Arven glanced at Ehfva as they worked. He tried to smile reassuringly but wasn’t entirely successful; thankfully, he couldn’t be sure she was even paying attention to them – her gaze seemed blank, turned inward, like she had devoted the entirety of her will towards managing her tormented body.

Leux turned his attention back to the screens, the holoprojections, and data analysis. They worked in relative silence from there, broken only by pertinent questions or confirmations, the audible tones of keystrokes, and the whirring background hum of the ship itself. Minutes passed, which turned into almost an hour. Coding continued, while Arven re-ran the simulation data, monitoring the failure rates and projected biological outcomes. The numbers had improved substantially, then plateaued; new developments surfaced with every step. Pain thresholds were calculated, both during and post-shift, and deemed unsustainable almost immediately. The mind could only tolerate so much agony before it broke, and no one had any wish to see Ehfva reduced to a permanent state of psychosis.

The solution, after a brief debate, was a neurological “shunt”, implanted with the device, to “shield” the Vulpinian’s higher brain functions: if successful, the pain she experienced during the form-shift would be reduced to (hopefully) manageable levels and prevent insanity. Unfortunately, due to the nature of pain itself (which was completely unique from one individual to another, and impossible to quantify) trying to simulate or predict its success rates was futile.

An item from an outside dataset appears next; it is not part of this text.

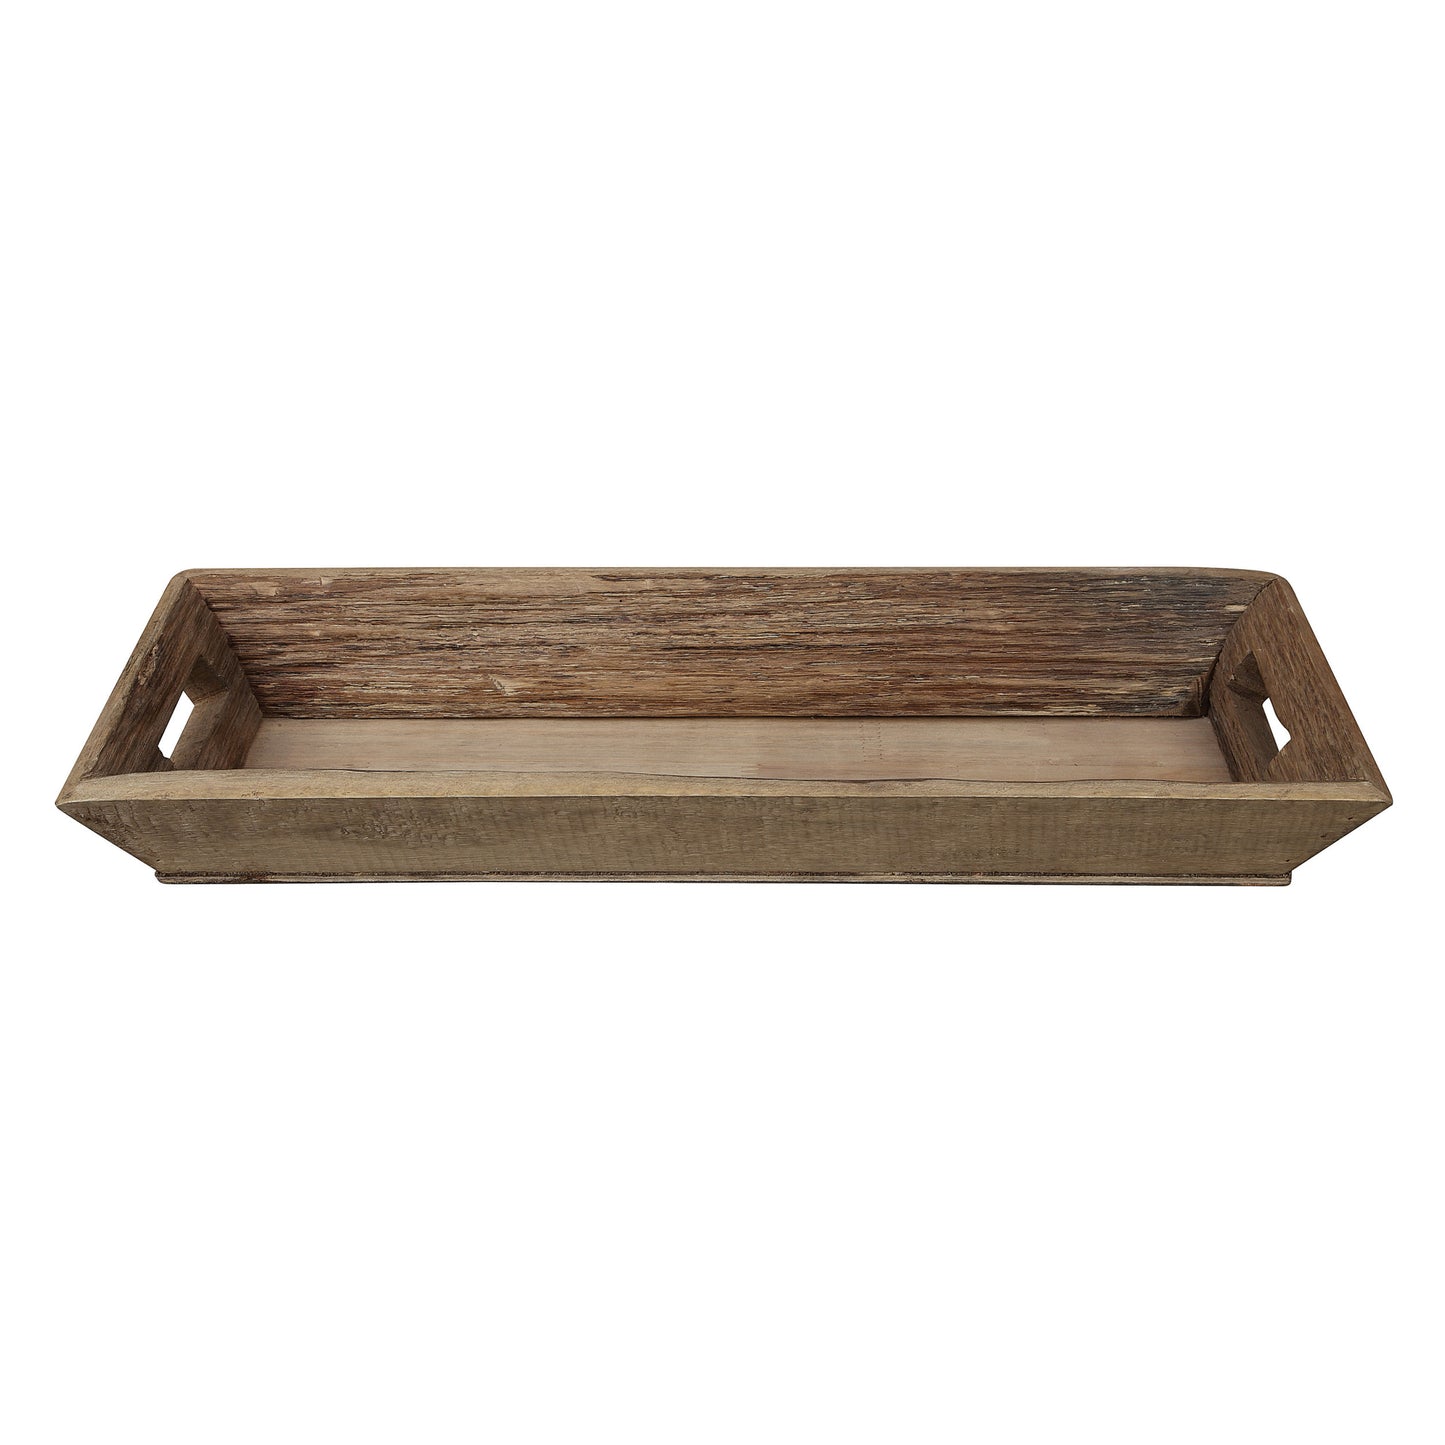 Decorative Wood Tray with Handles

In the end, Arven laid it all out for Ehfva:

Yes, the device held the best possible chance of not only stabilizing her physical form but also granting her the ability for future form-shifts.

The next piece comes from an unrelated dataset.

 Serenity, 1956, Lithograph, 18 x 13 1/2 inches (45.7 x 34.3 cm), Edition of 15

Yes, there were limitations; the amount of pain she’d be subjected to during a shift, even with the neuro-shunt, was dangerous.

Yes, there was a small percent chance she could literally lose her mind due to pain-induced psychosis.

Yes, she would have to wait for an extended amount of time between shifts, 8-12 hours was estimated but unverified; it all depended on her pain-threshold and circumstances beyond their ability to predict.

The Vulpinian nodded weakly, regardless.

“Alright,” Leux sighed with a nod of his own. “Let’s do it.”

Arven returned the gesture, glanced at Hirek, then moved to Ehfva’s side. In a smooth motion, without a hint of effort, he cradled her misshapen form in his arms and carried her towards the OR, knowing without having to look over his shoulder that the Romulan would follow.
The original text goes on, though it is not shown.